◆ Dataset extract:
Content starts

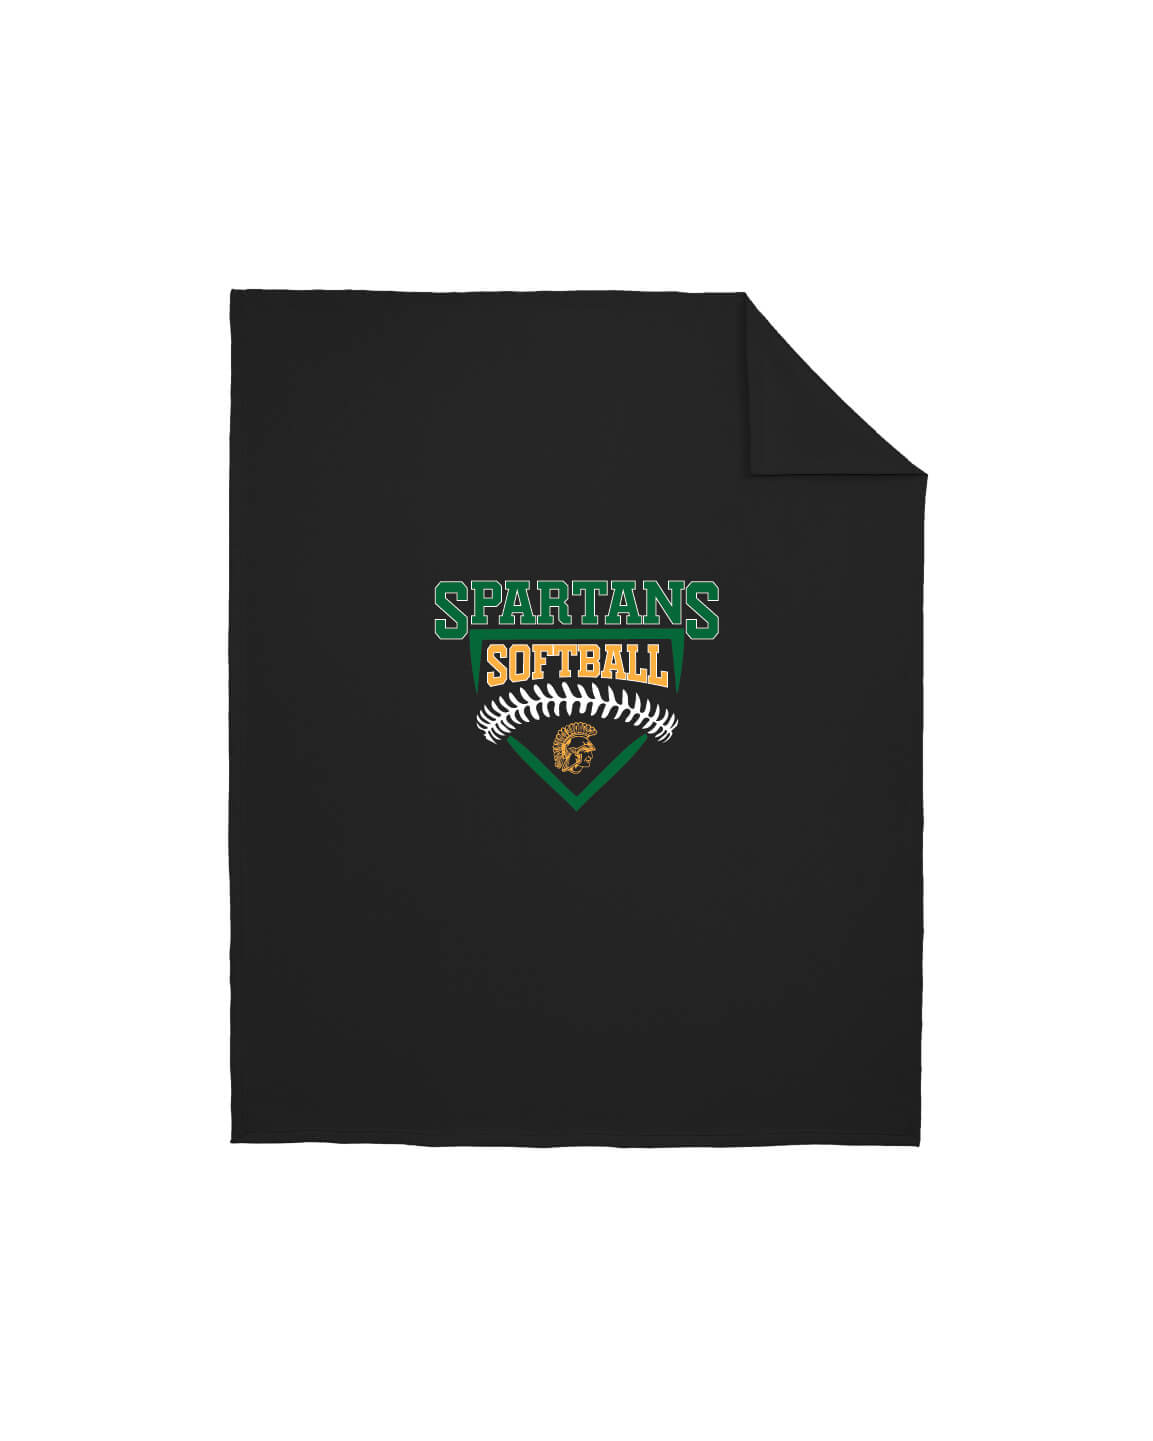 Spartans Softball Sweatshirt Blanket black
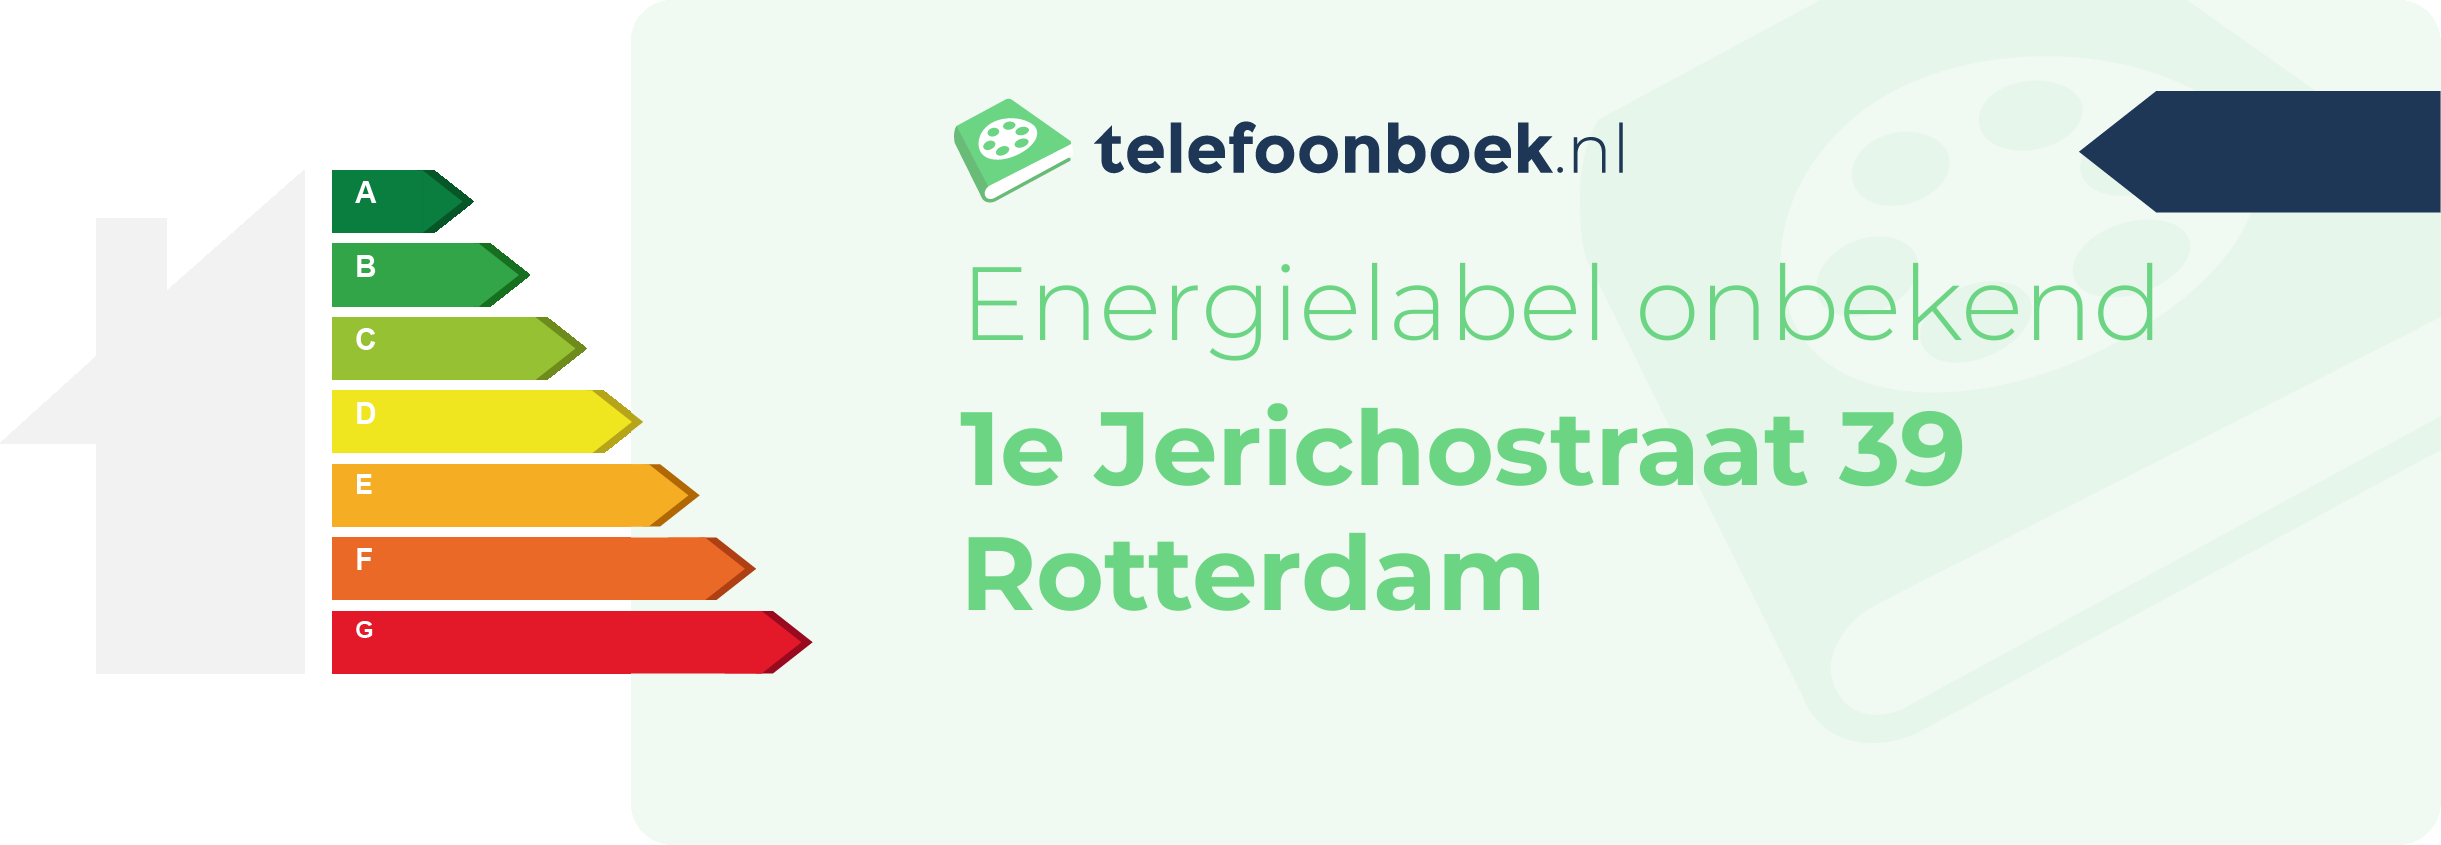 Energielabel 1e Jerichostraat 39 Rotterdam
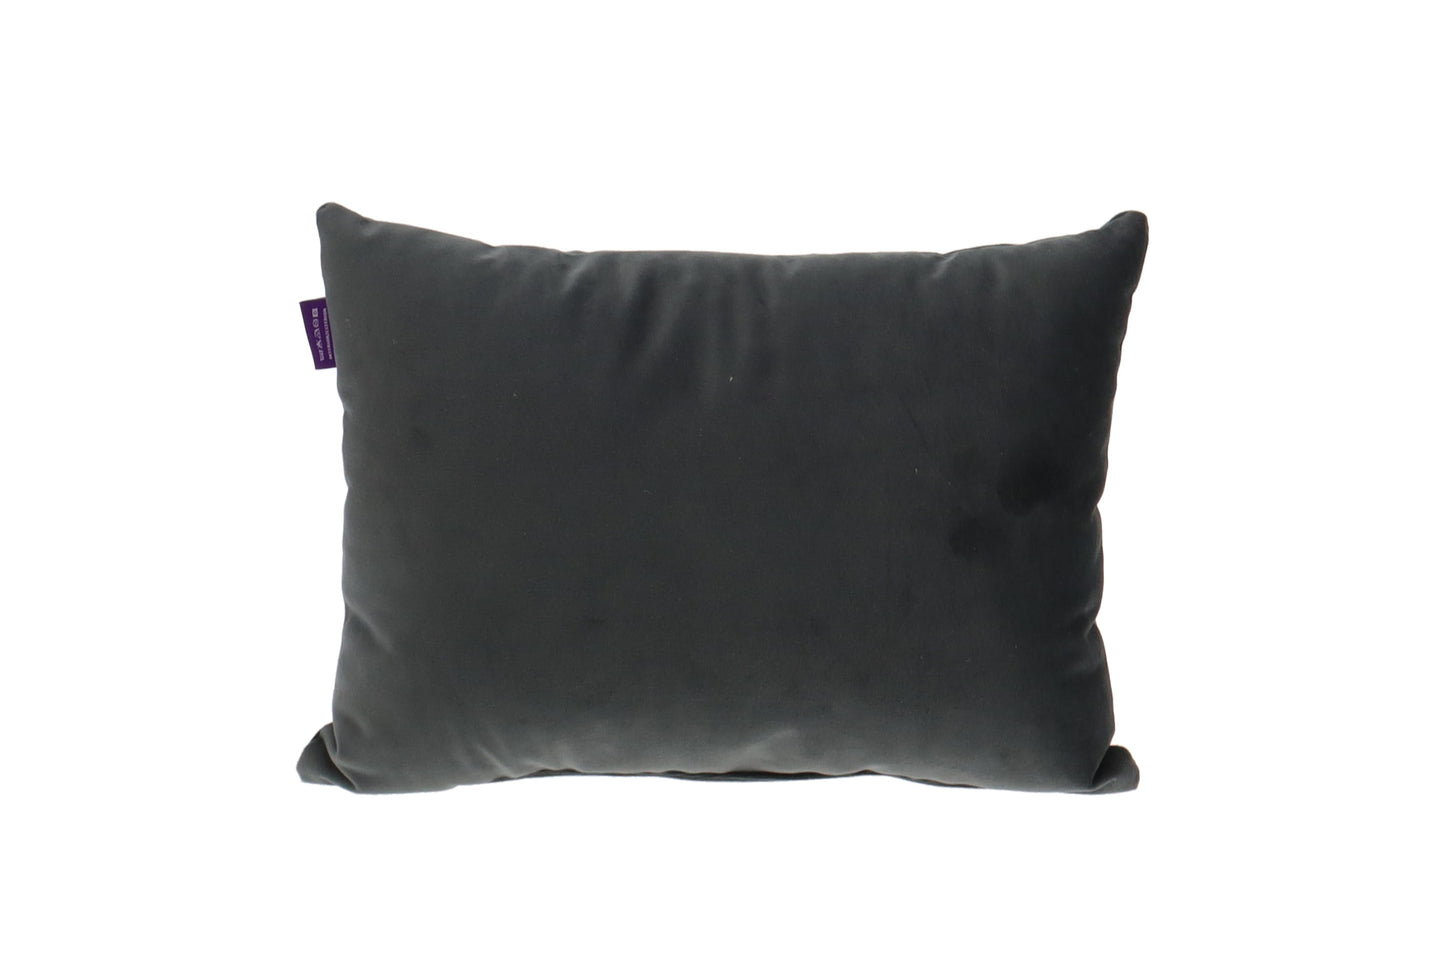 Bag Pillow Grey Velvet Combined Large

Content ends

◆ Activity:
Quote the data exactly, leaving every image out of the copy.

◆ Exercise response:
 Spartans Softball Sweatshirt Blanket black
 Energielabel 1e Jerichostraat 39 Rotterdam
 Bag Pillow Grey Velvet Combined Large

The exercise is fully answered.